Data: Begin

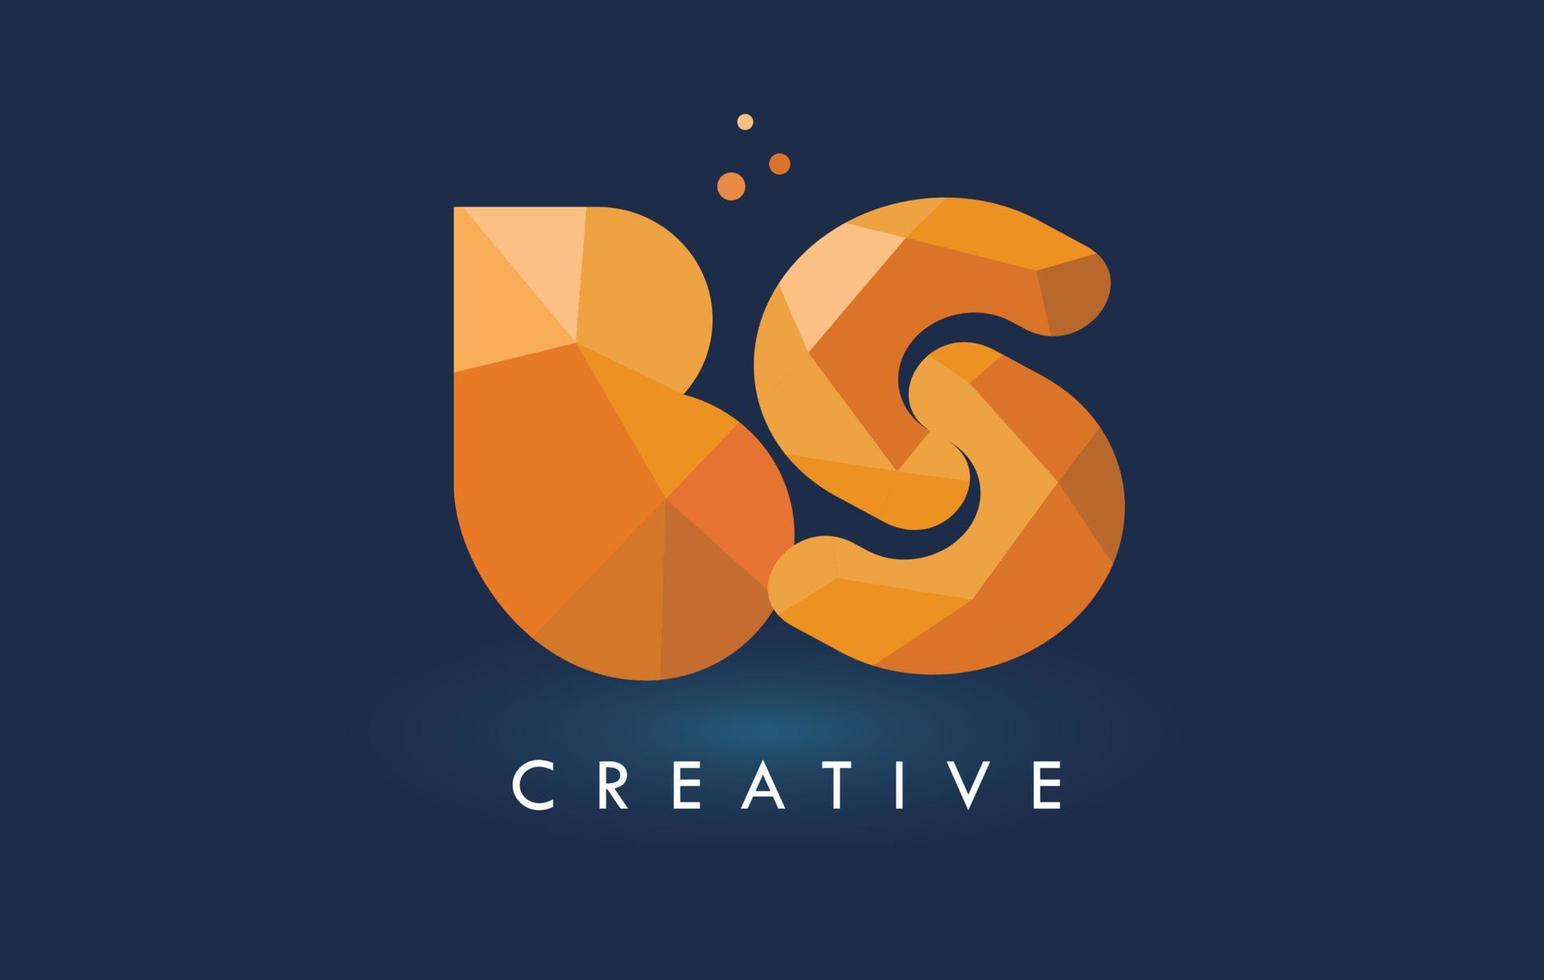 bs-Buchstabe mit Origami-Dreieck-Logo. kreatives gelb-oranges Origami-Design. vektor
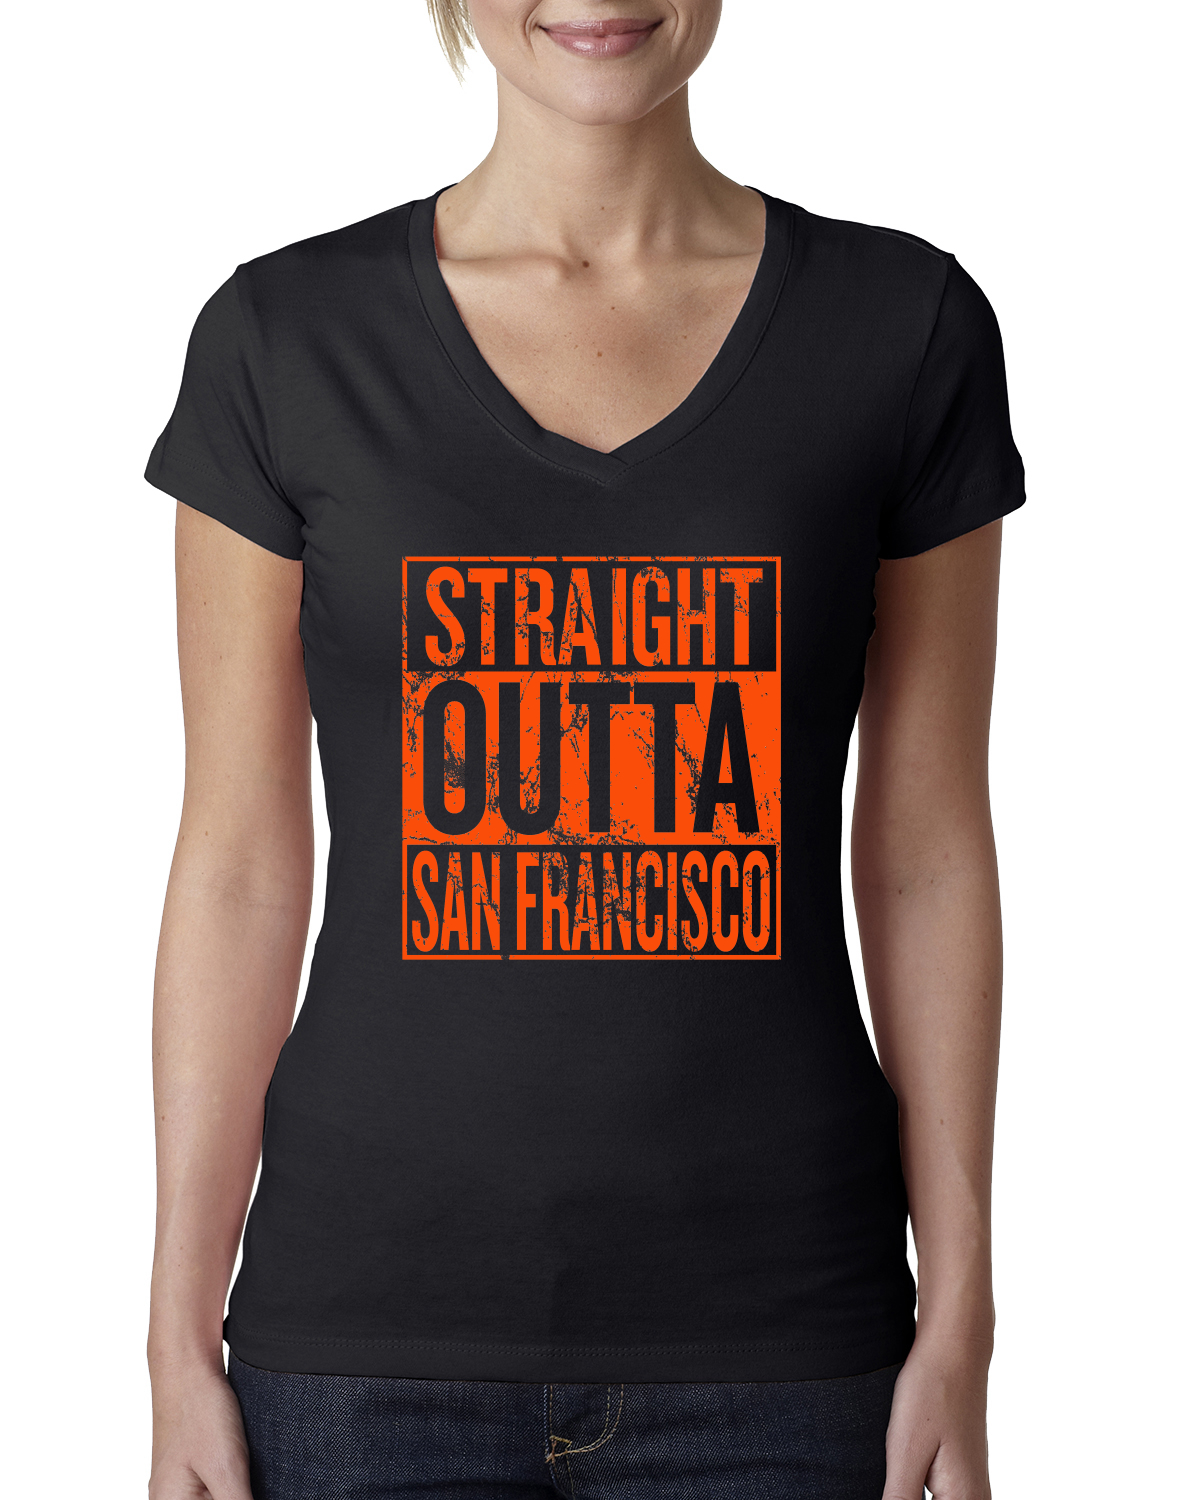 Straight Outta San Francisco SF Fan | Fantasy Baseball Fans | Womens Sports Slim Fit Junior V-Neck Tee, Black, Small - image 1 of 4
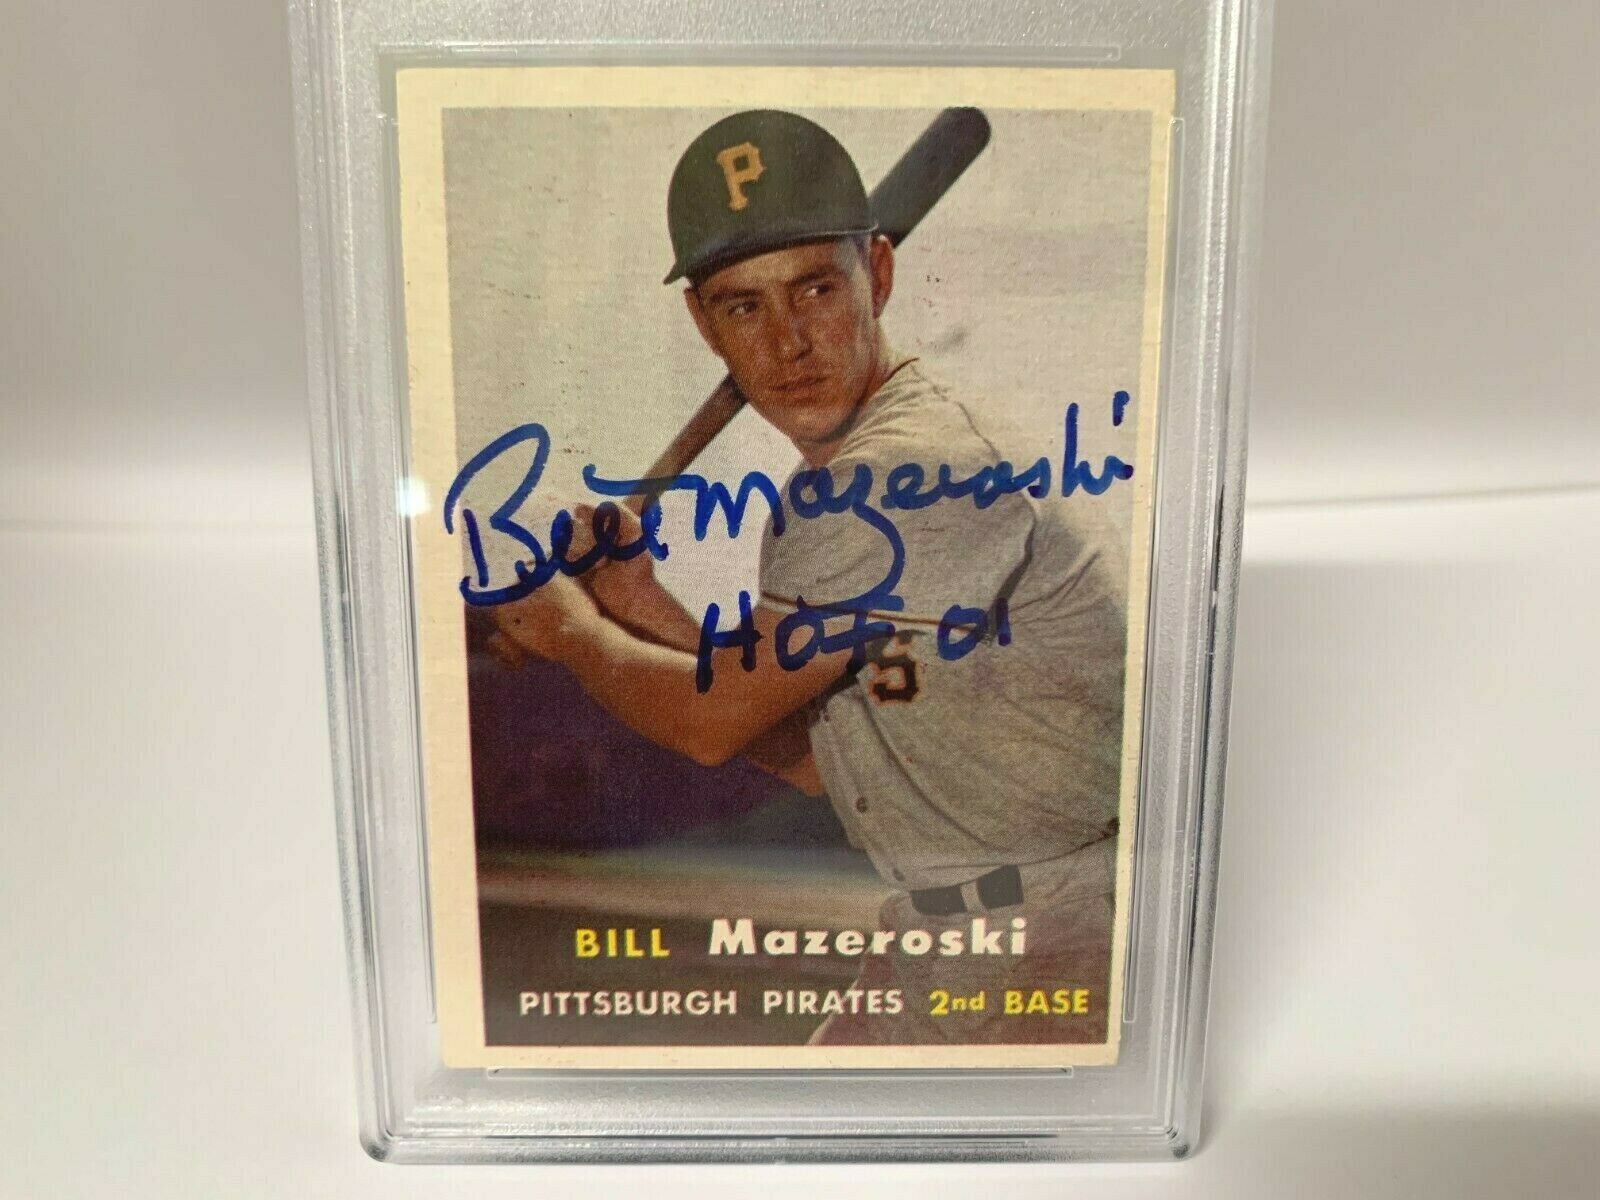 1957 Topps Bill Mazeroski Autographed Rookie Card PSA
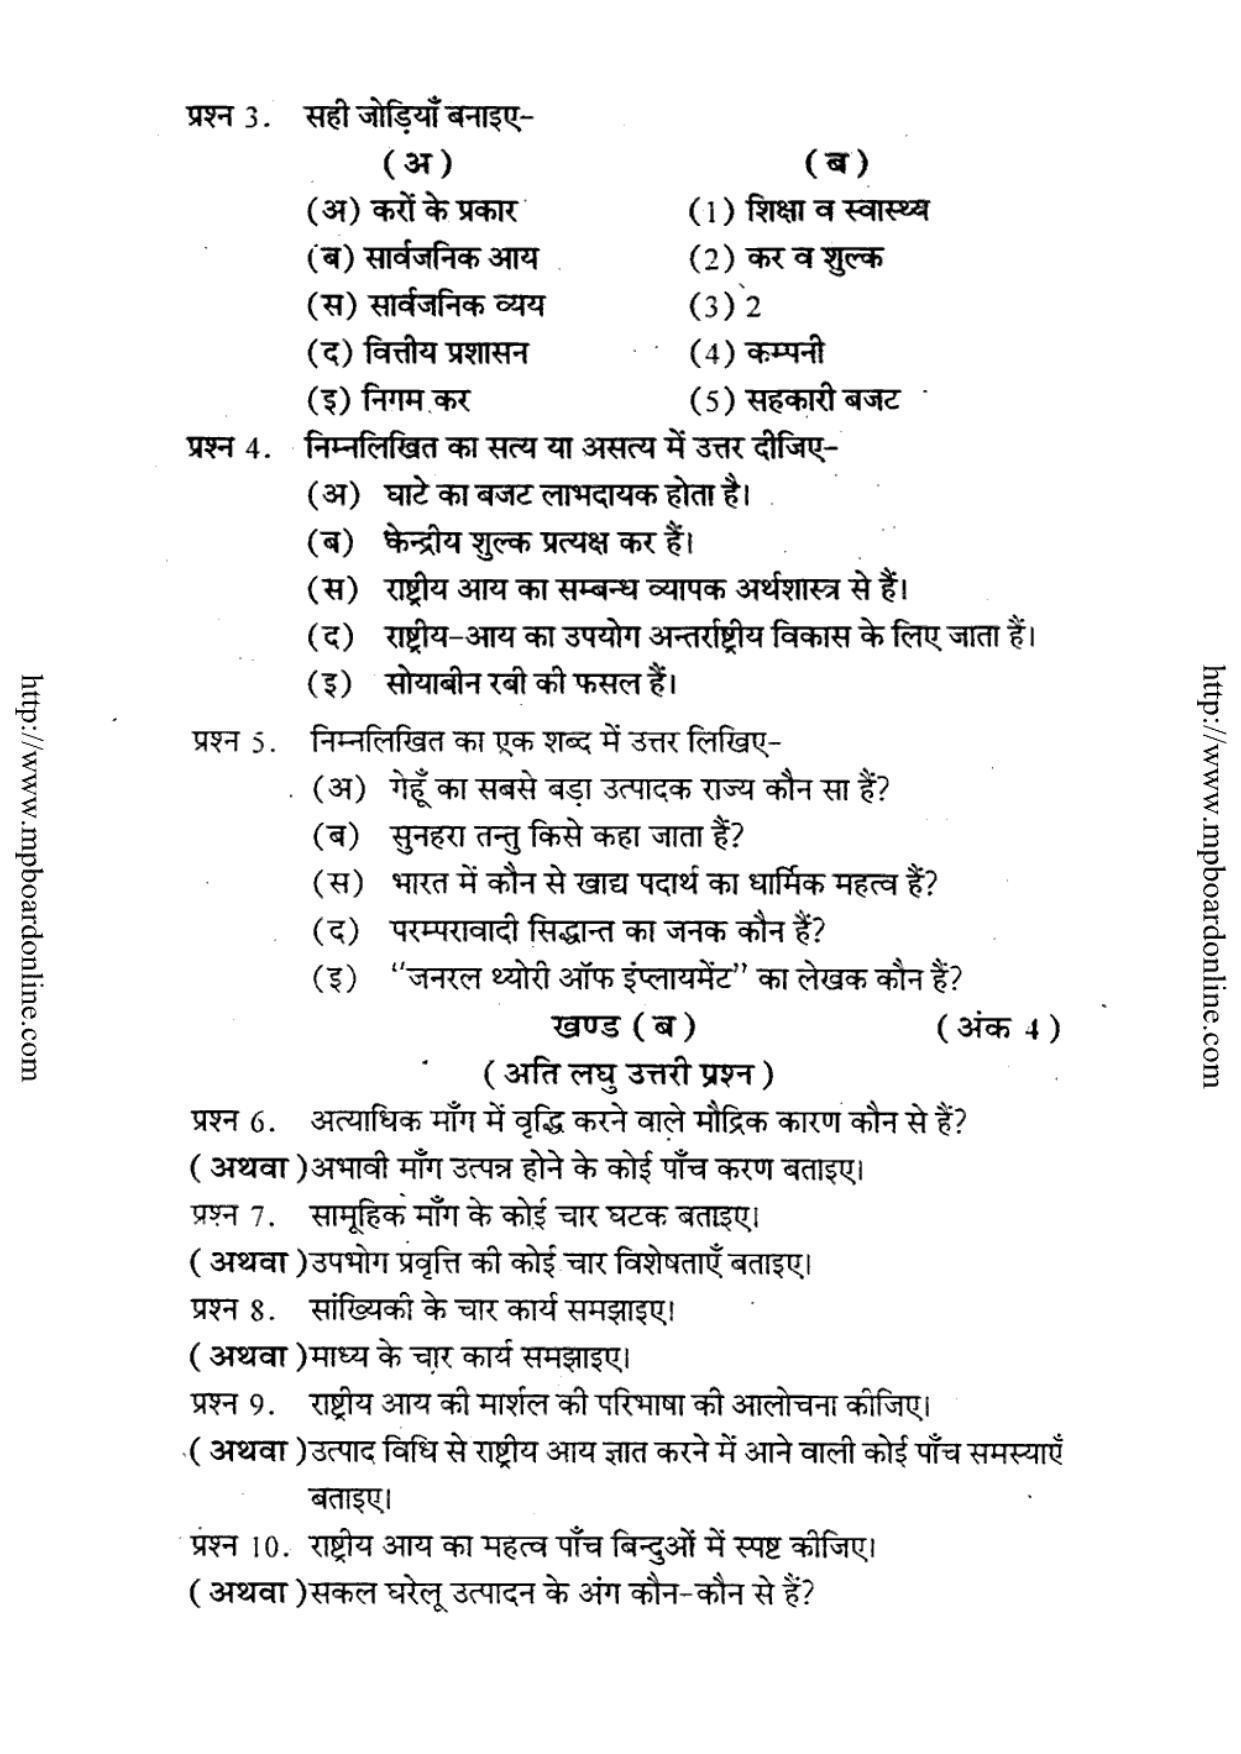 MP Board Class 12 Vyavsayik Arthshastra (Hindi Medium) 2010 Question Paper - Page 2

Data: End

**Exercise brief**: Everything from the first line of the listing above through the line that contains "1957 Topps Bill" is to be restated word for word, minus the pictures.

**Exercise output**:
 bs-Buchstabe mit Origami-Dreieck-Logo. kreatives gelb-oranges Origami-Design. vektor
 Straight Outta San Francisco SF Fan | Fantasy Baseball Fans | Womens Sports Slim Fit Junior V-Neck Tee, Black, Small - image 1 of 4
 1957 Topps Bill Mazeroski Autographed Rookie Card PSA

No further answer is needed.